Как бы то ни было, мой интерес к театру был в плоскости фокусов. Рассказы об автоматах и рисунки автоматов меня занимали, пожалуй, даже более театра. Мне было чрезвычайно интересно вглядываться в иллюстрации этого рода, которых было много в журнале «La Nature», я рассеянно старался понять механизм автоматов и чувствовал, что за всем тем в автомате есть жуткая тайная сила, которой не объяснишь никакими колесами, рычагами и нитями. И когда тетя Юля рассказывала об эрмитажном автомате Петра Великого, встававшем навстречу посетителю, лишь только он наступал на определенную половицу, то эта притягательная жуть обострялась до последней степени. Я весь холодел от ужаса в предчувствии, что и мне навстречу может выйти манекен грозного императора, и вполне понимал, почему его перестали заводить после глубокого испуга одной из августейших посетительниц Эрмитажа, – понимал, но был при этом и разочарован. Мистический страх пред изображениями человеческими испытал и я в величайшей степени в первое мое посещение Кавказского музея. Оно относится ко времени более позднему, чем здесь описываемое, но уместно рассказать о нем именно здесь. Оно врезалось в мою память, как вырезанное резцом по камню, и естественно: это было зрелище, где сочетались впечатления всего, что меня занимало и влекло, таинственности и страхов, красот и диковин. Оно потрясло и надолго напитало мой ум. До сих пор оно стоит пред моими глазами с полною зрительною отчетливостью, хотя после того десятки раз я бывал в этом музее и имел полную возможность убедиться в незначительности всего, что поразило меня тогда.

В одну из поездок моих в Тифлис с тетей Юлей, может быть, по дороге на дачу или с дачи, ее осенила мысль, что надо мне показать Кавказский музей. Тетя Лиза, у которой мы по обыкновению остановились, одобрила это намерение и предложила пойти с нами. Но когда мы втроем по жаркой мостовой подошли к воротам музея на Дворцовой улице, то, к неприятной неожиданности, прочитали в расписании дней и часов, когда музей открыт, запрет водить детей менее какого-то возраста, мне помнится, пятилетнего, но возможно, что я ошибаюсь.
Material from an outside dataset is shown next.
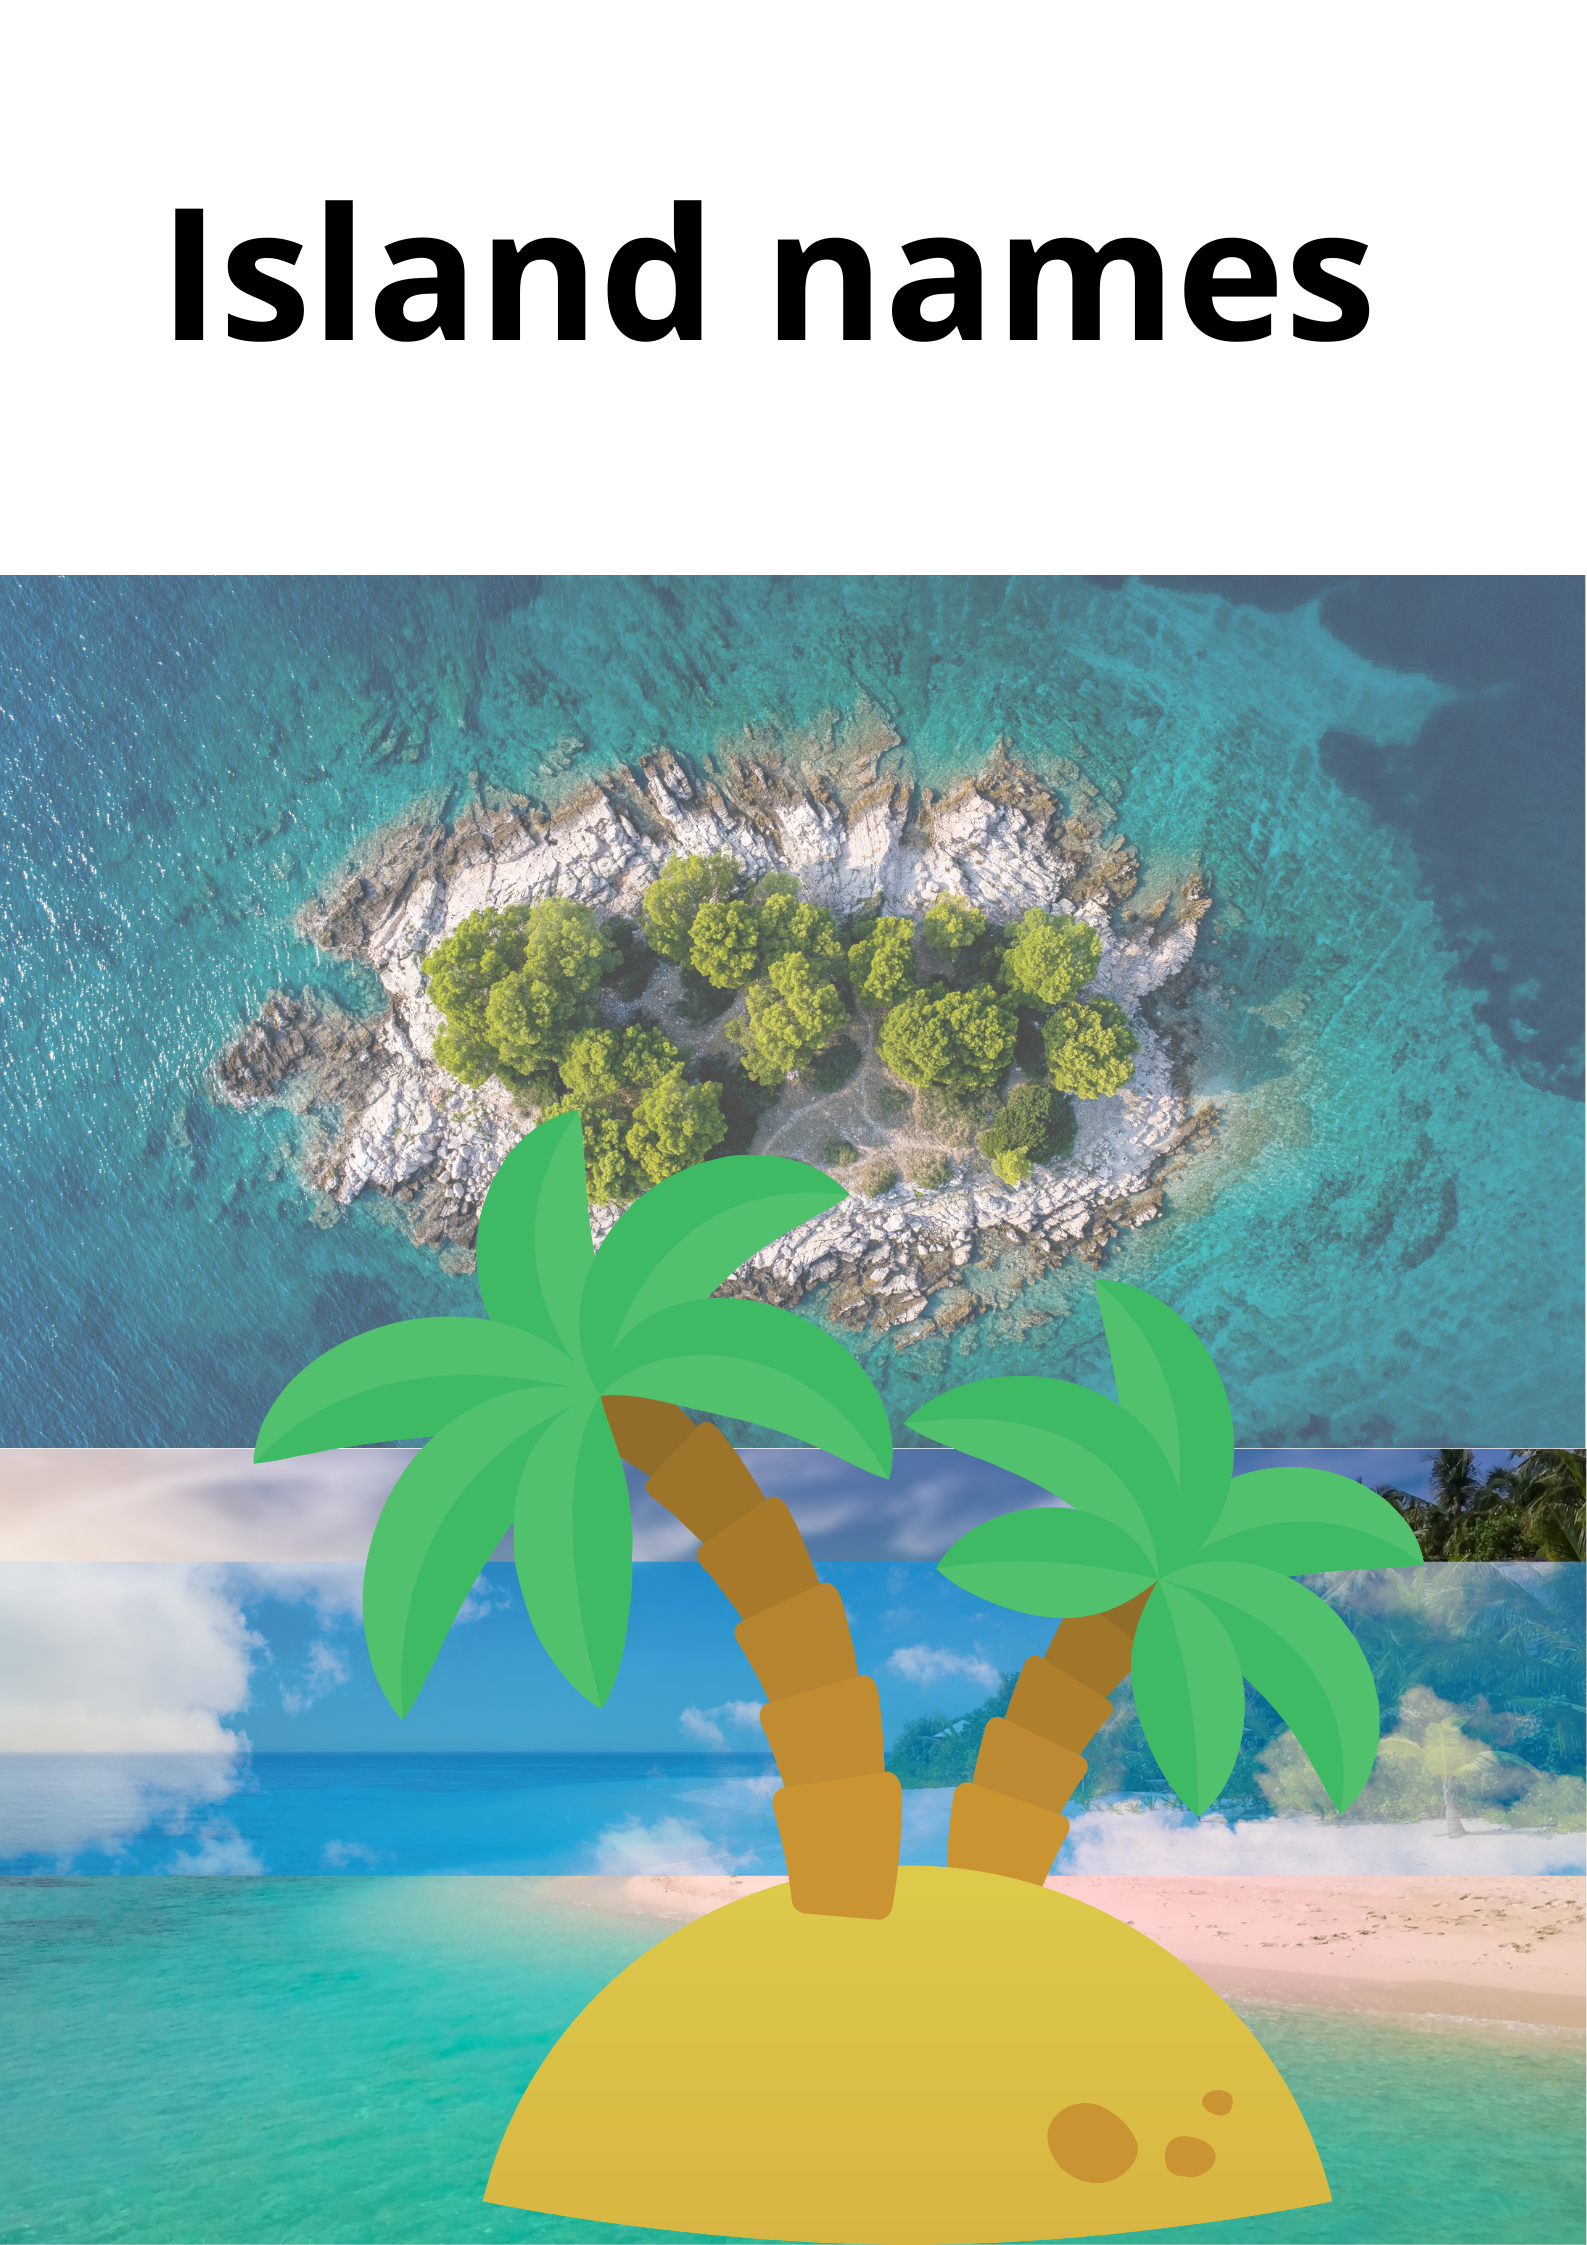 द्वीपों के नाम : Island name in hindi and English

Тут же был запрет водить с собою собак. Мне не хватало что-то вроде полугода до указанного возраста. Тогда тетя Лиза, вообще не привыкшая видеть себе запрет, объявила в кассе, что у входа, что мне уже исполнилось законное число лет, и, с помощью данного еще на чай сторожу, мы все же прошли сквозь железную калитку, – я с замиранием сердца от возможной неудачи, изумленный и смущенный в первый раз услышанной мною неправдою: нужно отметить, что в нас растили правдивость, даже чрезмерную, так что неправда, хотя бы самая легкая и чисто формальная, – стала органически невозможною, к большому житейскому неудобству не только нас самих, но и родителей. Эта первая услышанная мною заведомая неправда меня совершенно изумила как явление чуждого мне мира.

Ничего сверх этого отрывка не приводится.